Court Opinion

ID: 9413729
Source: CourtListenerOpinion
Date Created: 2023-08-01 23:20:48.185981+00
Date Added: 2024-06-11T16:46:28.014757
License: Public Domain

EMILIO M. GARZA, Circuit Judge,
with whom EDITH H. JONES and JERRY E. SMITH, Circuit Judges, joins, specially concurring:
I concur in the excellent opinion of Judge Higginbotham. I write separately to clarify that my concurrence should not be construed as an acceptance of the holding of Doe v. Taylor Independent School District, 15 F.3d 443 (5th Cir.) (en banc), cert. denied, 513 U.S. 815, 115 S.Ct. 70, 130 L.Ed.2d 25 (1994), that rape or sexual abuse is a violation of the right to bodily integrity under the Fourteenth Amendment.
As I explained in my dissent to the panel opinion, Doe v. Hillsboro Independent School District, 81 F.3d 1395, 1408 n. 2 (5th Cir. 1996) (Garza, J., dissenting), though I am bound by Fifth Circuit precedent,1 the Supreme Court has yet to rule on whether the right to bodily integrity includes the right to *1419be free from rape or sexual abuse. See Planned Parenthood v. Casey, 505 U.S. 833, 849, 112 S.Ct. 2791, 2806, 120 L.Ed.2d 674 (1992) (citing cases defining contours of substantive due process right to bodily integrity, including cases involving abortion, contraception, marriage and procreation). Taylor troubles me because we failed to heed the Supreme Court’s admonition, stated on several occasions, that it “has always been reluctant to expand the concept of substantive due process because the guideposts for reasonable decisionmaking in this unchartered area are scarce and open-ended.” Collins v. City of Harker Heights, Tex., 503 U.S. 115, 125, 112 S.Ct. 1061, 1068, 117 L.Ed.2d 261 (1992); see also Albright v. Oliver, 510 U.S. 266, 271-72, 114 S.Ct. 807, 812, 127 L.Ed.2d 114 (1994) (quoting Collins, 503 U.S. at 125, 112 S.Ct. at 1068).
Recently, the Sixth Circuit, sitting en banc, commented on our conclusion that the right to bodily integrity includes the right to be free from sexual assault. The court stated:
All of these civil decisions, rather than pointing to precedent establishing the right, make assertions such as: “surely the Constitution protects a schoolchild from physical abuse ... by a public schoolteacher,” Doe v. Taylor Indep. Sch. Dist., 15 F.3d 443, 451 (5th Cir.1994) (en banc); or “the notion that individuals have a fundamental substantive due process right to bodily integrity is beyond debate,” Walton v. Alexander, 44 F.3d 1297, 1306 (5th Cir. 1995) (Parker, J., concurring). These broad statements are not supported by precedent indicating that a general constitutional right to be free from sexual assault is part of a more abstract general right to “bodily integrity.”
United States v. Lanier, 73 F.3d 1380, 1388 (6th Cir.1996) (en banc) (concluding that “sexual assaults may not be prosecuted as violations of a constitutional substantive due process right to bodily integrity” under 18 U.S.C. § 242), vacated, — U.S. -, 117 S.Ct. 1219, 137 L.Ed.2d 432 (1997). Since the Supreme Court held in Lanier that the court of appeals applied an incorrect standard in determining whether prior judicial decisions gave fair warning that Lanier’s actions violated constitutional rights and remanded the case for application of the proper standard, we will have to wait for another day for guidance from the Court in this area.

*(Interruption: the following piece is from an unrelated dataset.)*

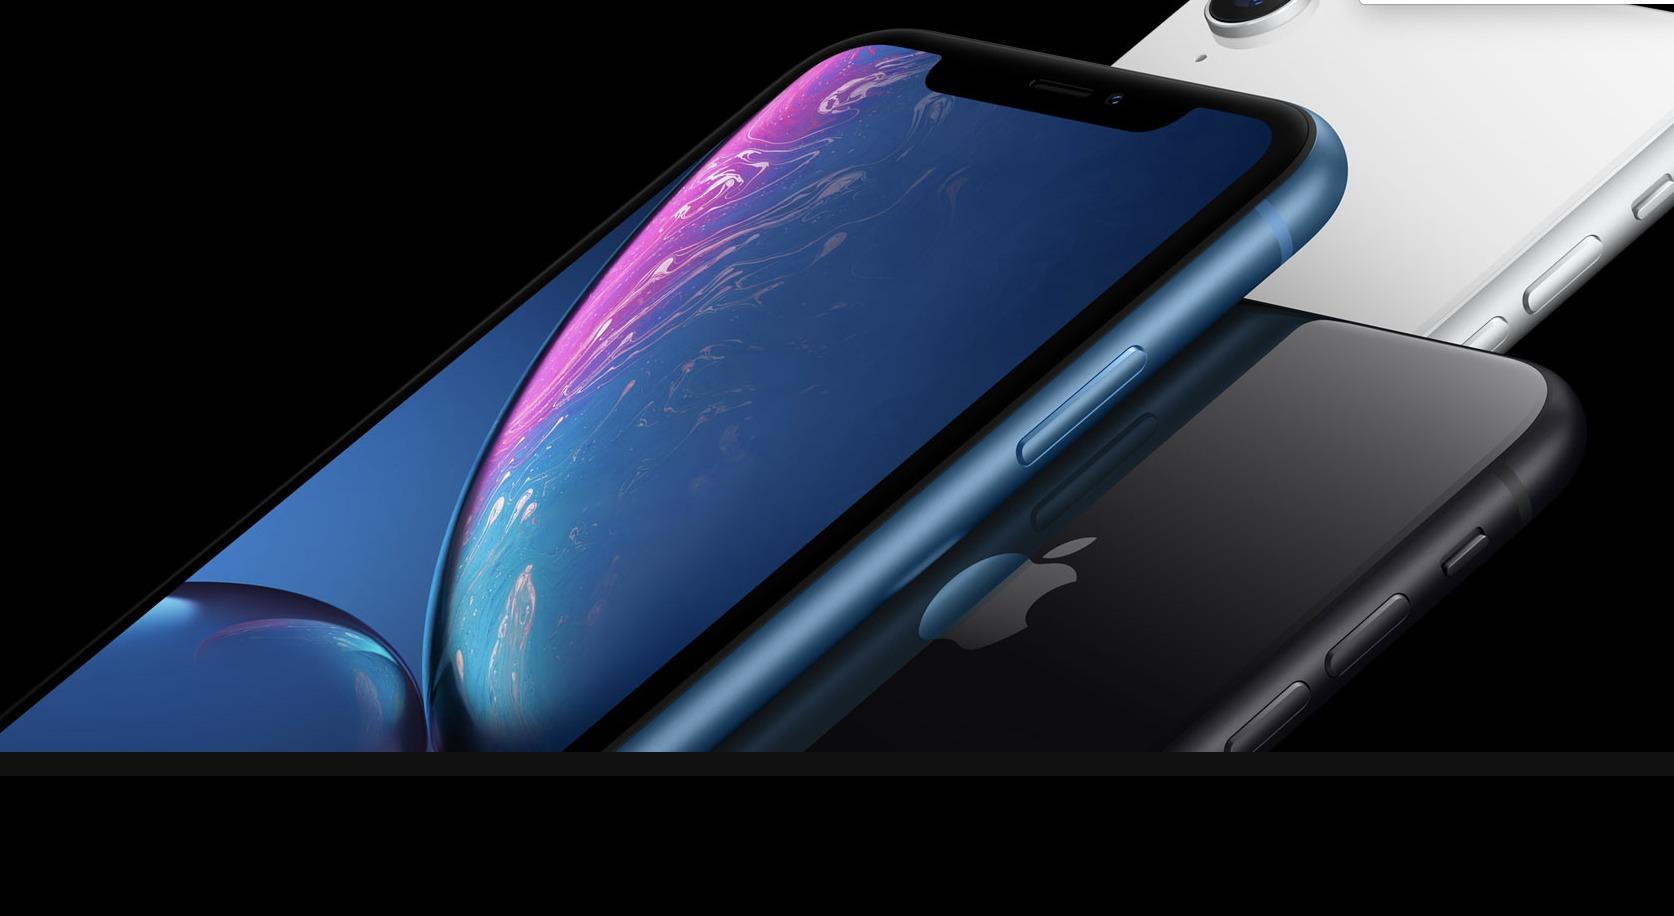 Apple har kun lov til å selge de nyeste iPhone-modellene etter en avgjørelse i retten denne uken,

. Only one other circuit has definitively held that the substantive due process right to bodily integrity includes the right to be free from rape or sexual abuse. See Stoneking v. Bradford Area Sch. Dist., 882 F.2d 720, 727 (3d Cir.1989) ("[A] student's right to bodily integrity, under the Due Process Clause, [encompasses] a student's right to be free from sexual assaults by his or her teachers.”), cert. denied, 493 U.S. 1044, 110 S.Ct. 840, 107 L.Ed.2d 835 (1990); cf. Doe By and Through Doe v. Petaluma City Sch. Dist., 54 F.3d 1447, 1451 (9th Cir.1995) (citing Taylor, 15 F.3d 443, with approval but as inapplicable to the case before the court).